Hence, the column vectors of W are the eigenvectors of the covariance matrix with corre-
sponding eigenvalues equal to the square of the singular values of Σ.
This effectively rotates our data or covariance and fits the data with a hyperellipsoid. The
eigenvalues are ranked in a way so that the major axis (or the largest eigenvalue) captures
most of the variance in the data, the second largest mode captures most the remaining
variance, etc. In the end, we can truncate the system after a couple of eigenmodes (ranked in
order from largest to smallest) and conclude that their corresponding eigenvectors effectively
captures most of the variation in the system. In addition, these principal vectors have the
nice property that they are orthogonal to each other, and therefore independent.

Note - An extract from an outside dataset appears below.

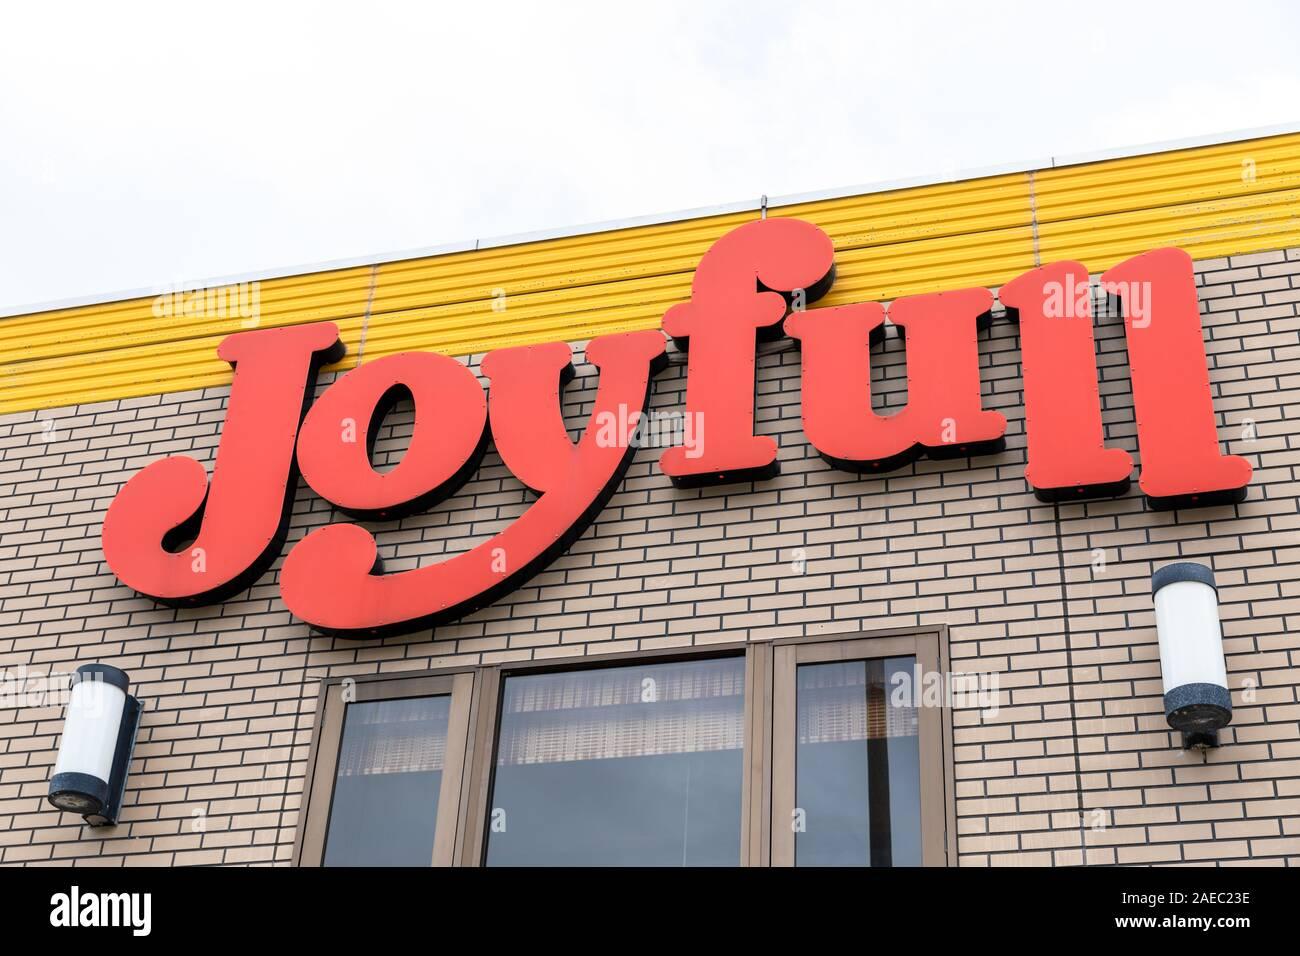 Joyfull (Japanese restaurant chain), sign on building Stock Photo

The hope of PCA is that the variance along a handful of principal components provides
a reasonable characterization of the complete data set. This can greatly reduce the model
dimensionality by reducing the large number of parameters to a handful of linear combina-
tions of these parameters that best captures the variation in the data. Of course, including
more eigenvectors would increase accuracy, but at the cost of model complexity.
The problem with PCA is the arbitrariness of the cutoff and its sensitivity to scaling. The
first problem will always be present in data analysis as one needs to use their own judgment
in deciding how much of the variance to capture. The latter problem is that it relies on the
eigenvalues of the matrix rather than quantities that are invariant to reparameterization.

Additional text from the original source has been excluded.